Mains: GS-I – Society & GS-II – Polity & Governance

Why in News?

The debate over banning social media for children under 16 has gained traction in India, particularly after the tragic incident in Ghaziabad, Uttar Pradesh, where three sisters lost their lives amid screen addiction and parental conflict.

What was the background?

  • About the incident – The tragic death of three minor sisters who jumped from the ninth floor of their apartment because of their father confiscated their mobile phones, cutting them off from online games, Korean cultural content, and virtual friends.
  • Police investigation – Initially framed as digital addiction, but later expanded to include family dysfunction and psychological distress.
  • Broader Implications – This has sparked national debate on banning social media for children under 16, highlighted risks of screen addiction, gaming compulsion, and cultural immersion without parental guidance.
  • Experts view – Banning social media for children is a misguided response to tragedies linked to screen addiction, instead of blunt bans, India needs a healthy media ecology and nuanced regulation.
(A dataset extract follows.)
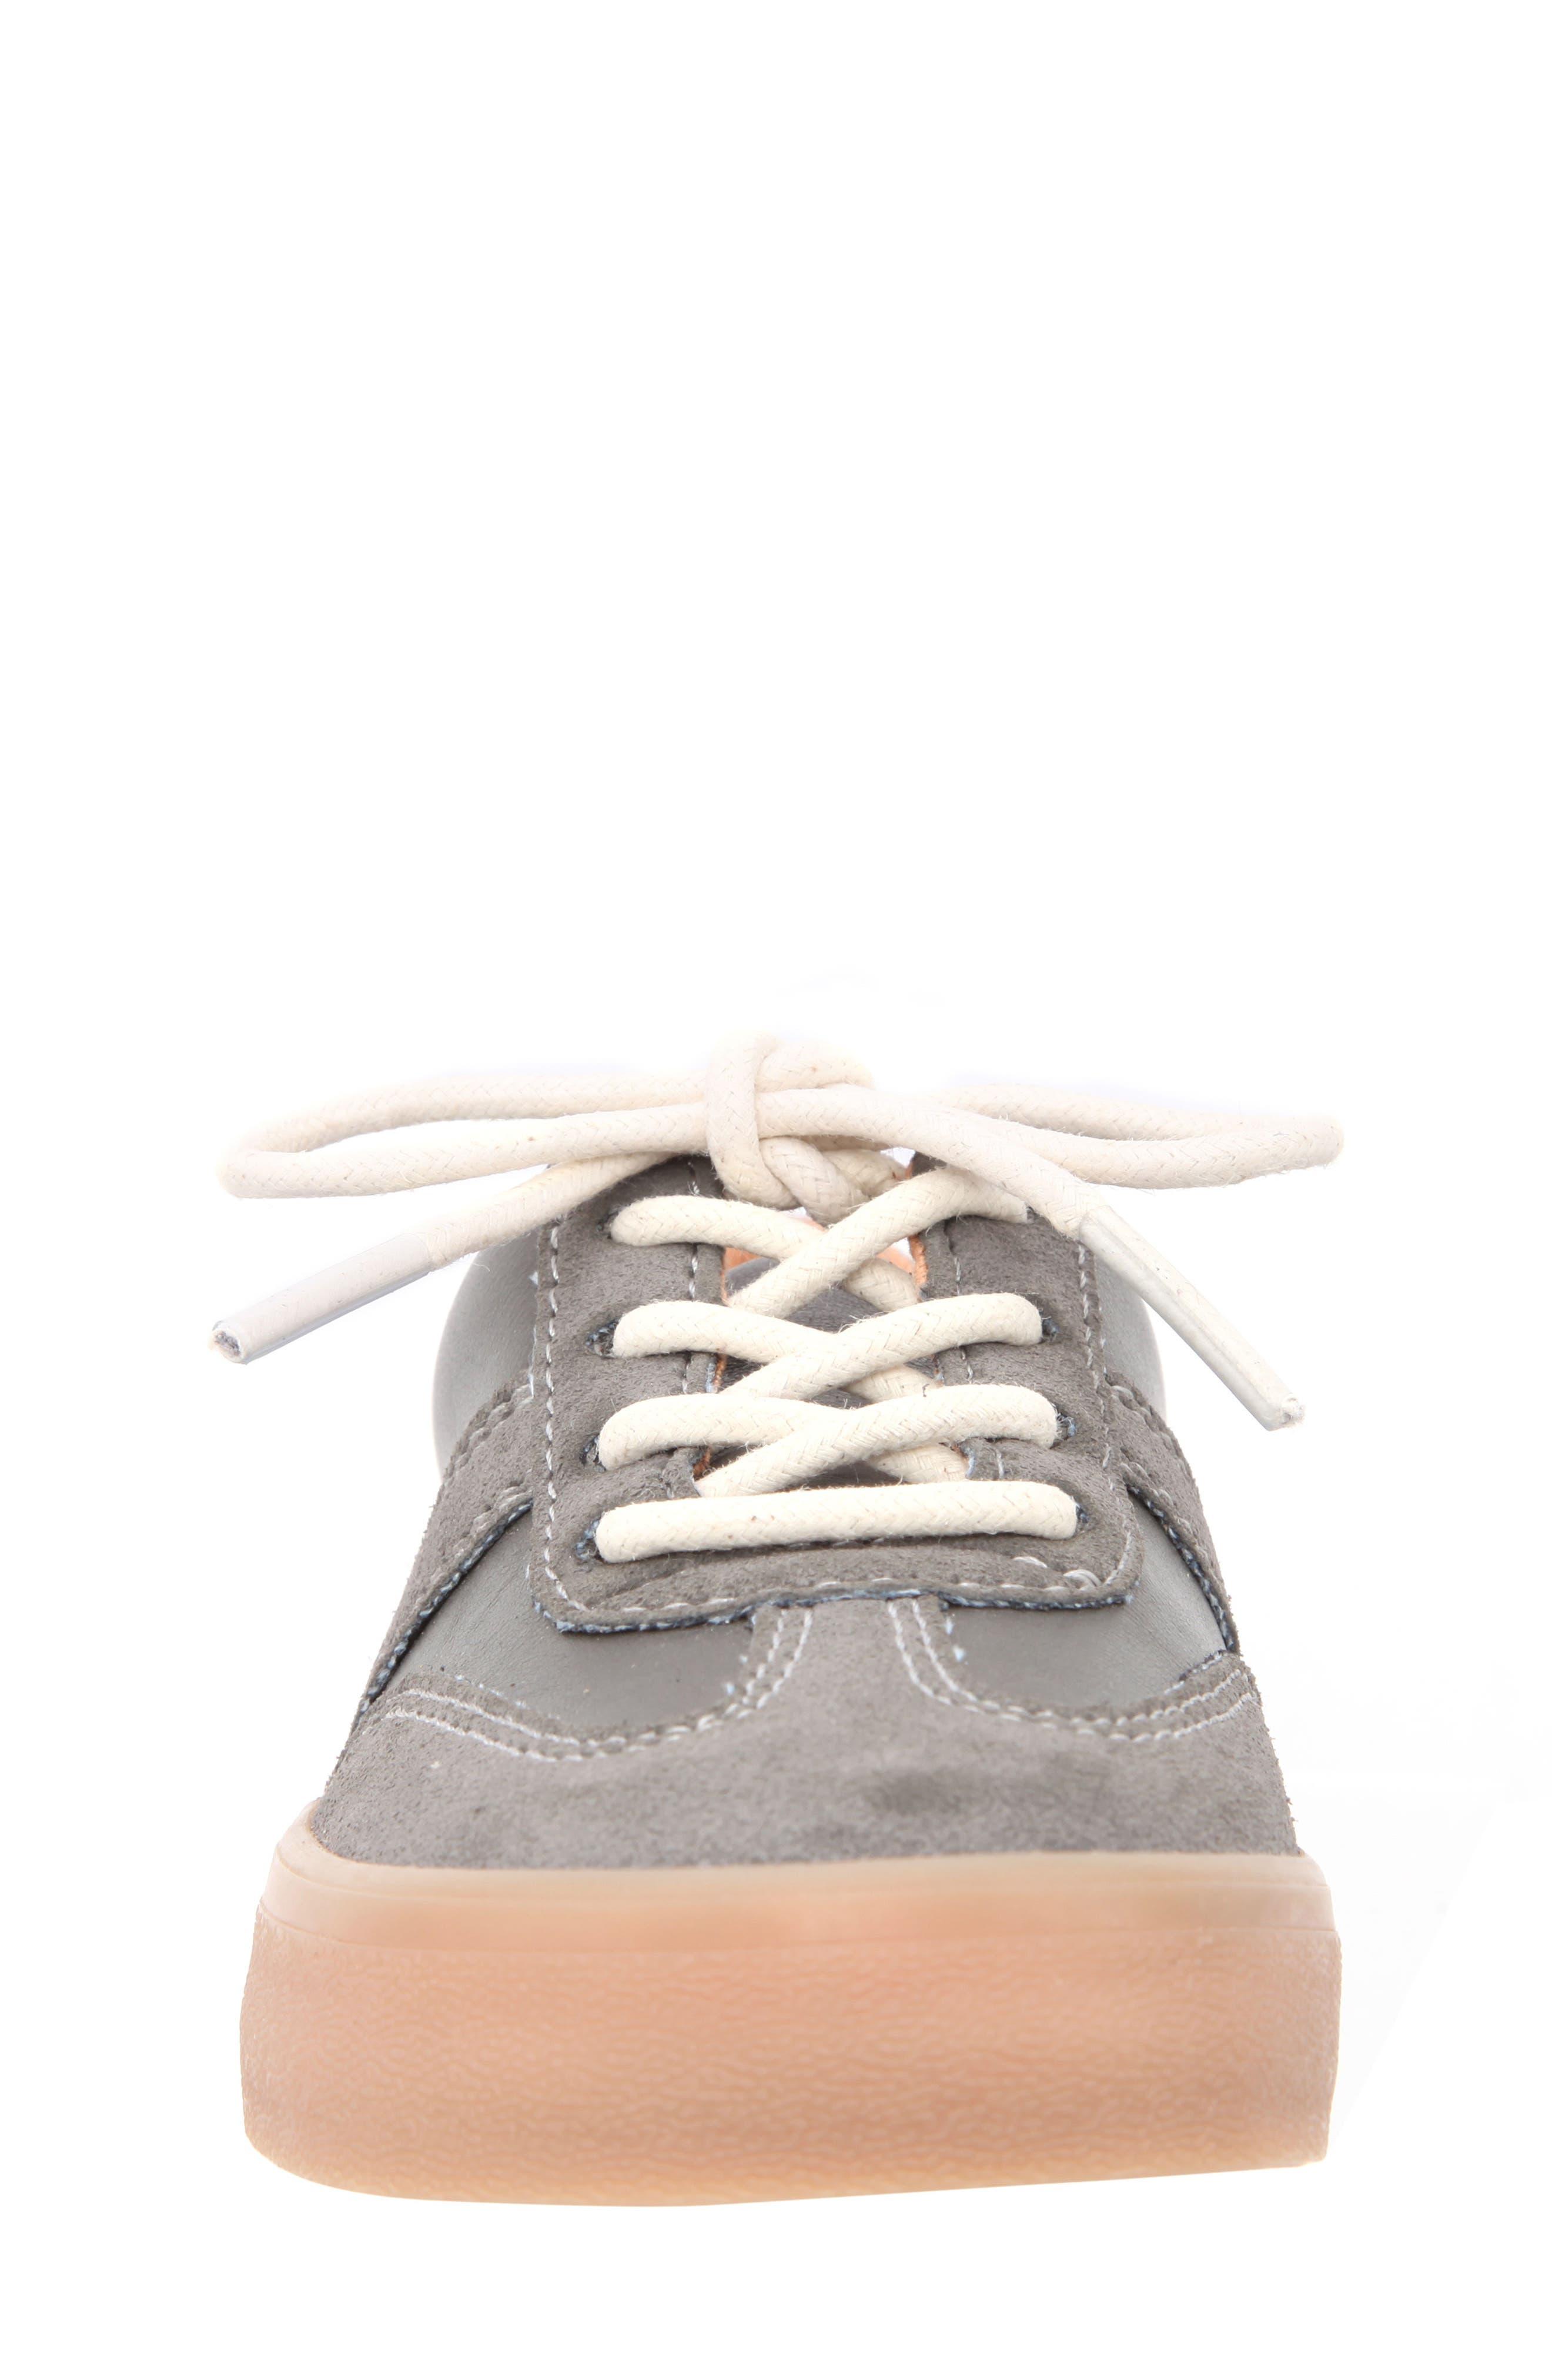 Neal Low Top Sneaker,                             Alternate thumbnail 4, color,                             Grey Suede

What about the social media user base & the revenue and market potential in India?

  • User base – Instagram and Facebook each have over 400 million users in India, more than any other country, according to DataReportal.
  • Snapchat has more than 200 million on its platform there, making India its largest market by users, while X has more than 20 million users, the data shows.
  • Revenue potential – While the companies typically earn less revenue per user in India than in more economically developed countries such as the US.
  • Huge growth potential – India is home to the world’s largest remaining pool of untapped digital consumers, with millions yet to get online.
  • Strategic importance – Despite lower per-user earnings, India is seen as a critical growth market for global tech firms.
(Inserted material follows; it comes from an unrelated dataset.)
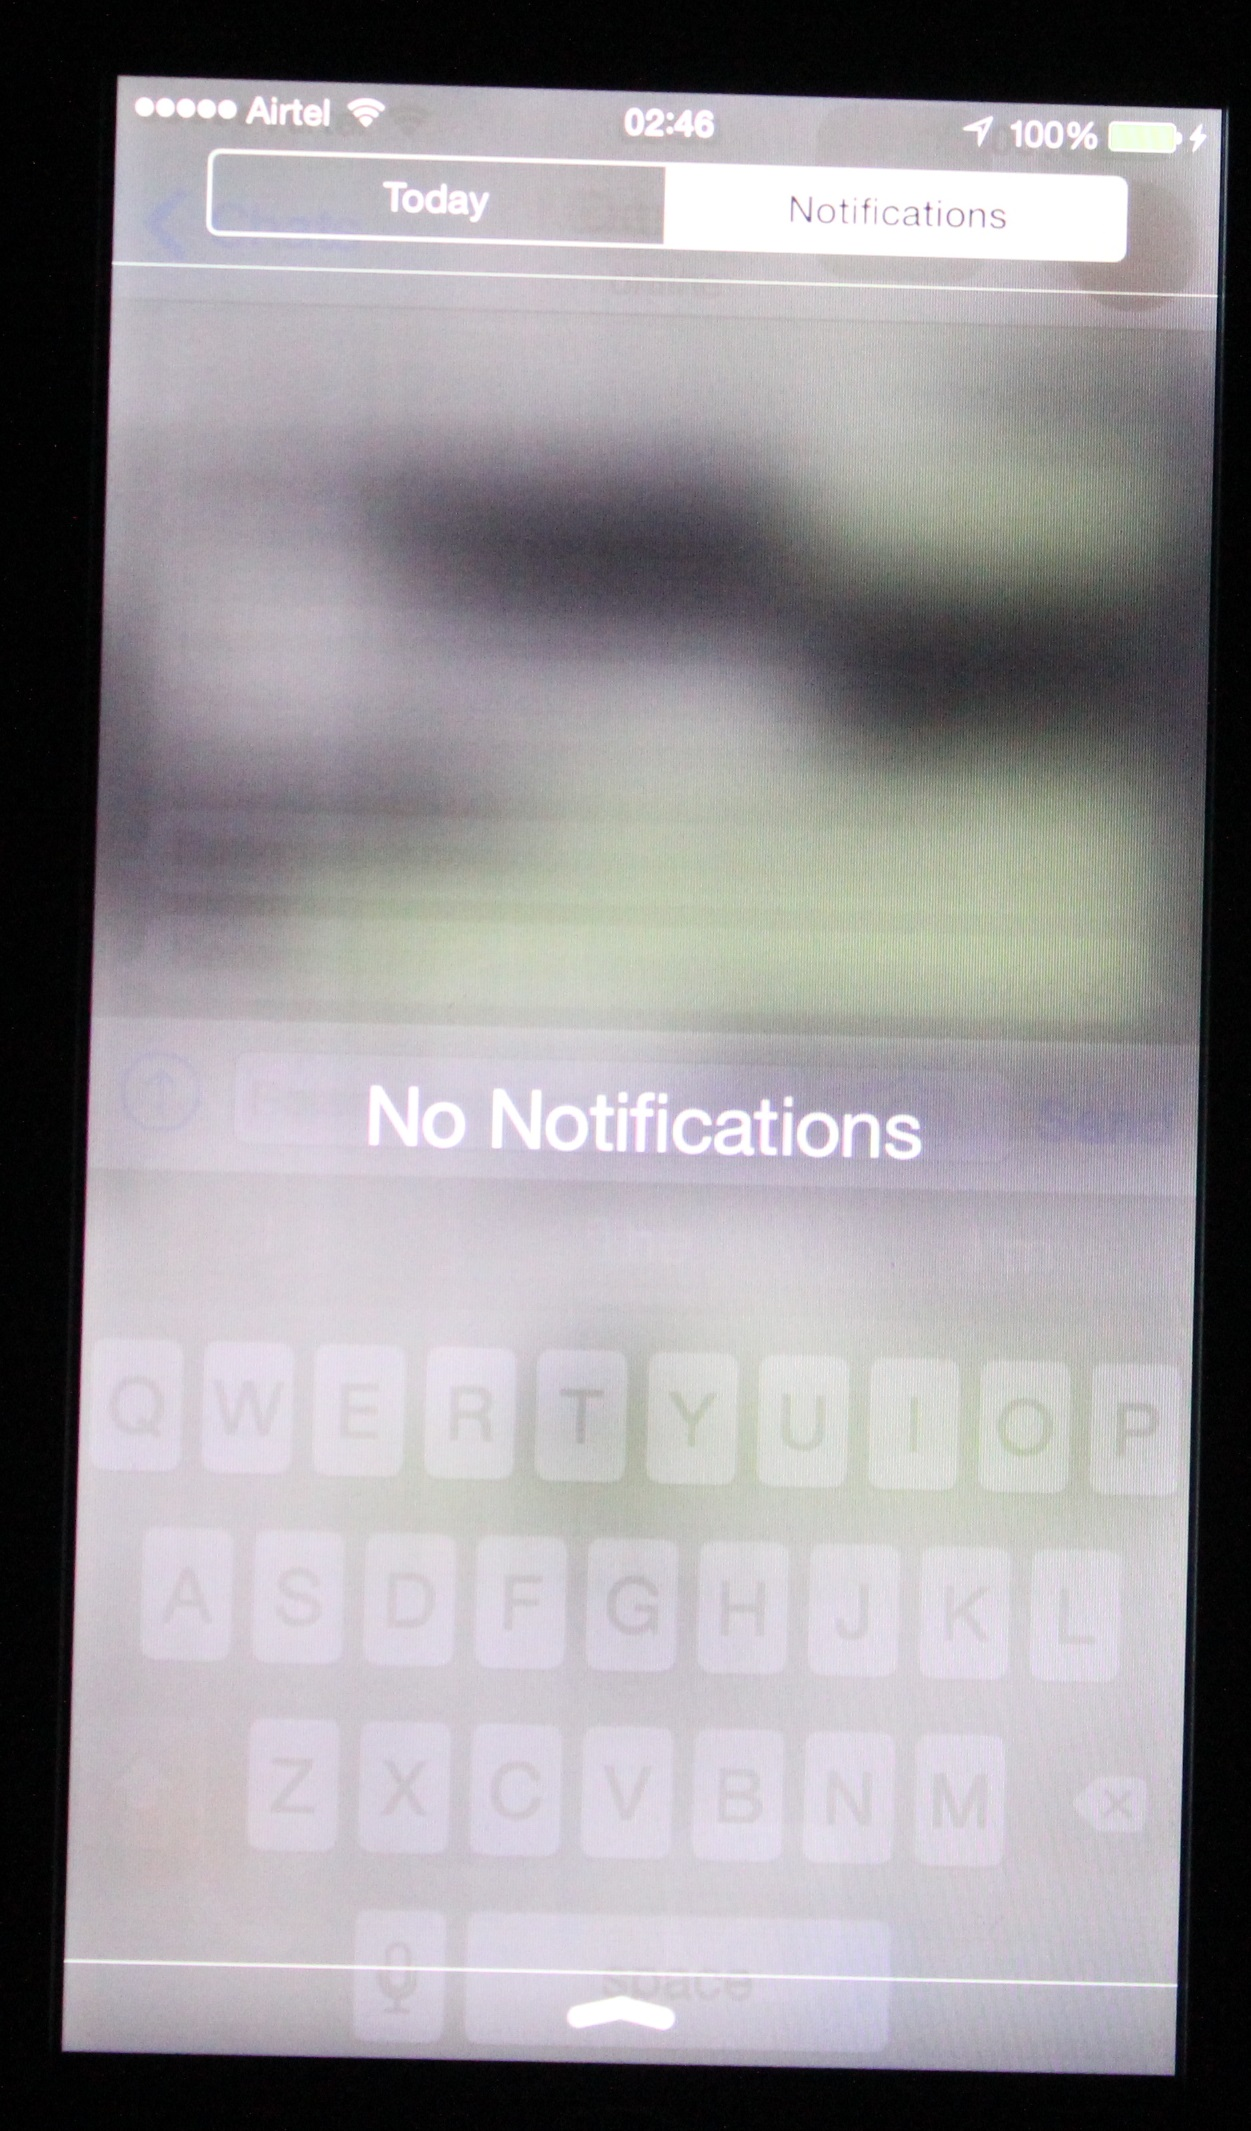 How To Fix Screen Burn Iphone 6 ••▷ SFB

What are the legal frameworks that governs social media in India?

  • Information Technology (IT) Act, 2000 – Foundation for digital regulation in India, providing legal framework for cybercrimes and electronic commerce.
  • IT (Intermediary Guidelines and Digital Media Ethics Code) Rules, 2021 – Requires social media platforms to have a grievance redressal mechanism, appoint compliance officers, and remove content violating laws (e.g., obscenity, national security) within specific timelines.
  • Section 79 of IT Act – Provides safe harbor protection to intermediaries for third-party content, provided they follow due diligence.
  • Indian Penal Code (IPC), 1860 – It is used to address illegal content, such as defamation (Section 499), promoting enmity (Section 153A), and obscenity.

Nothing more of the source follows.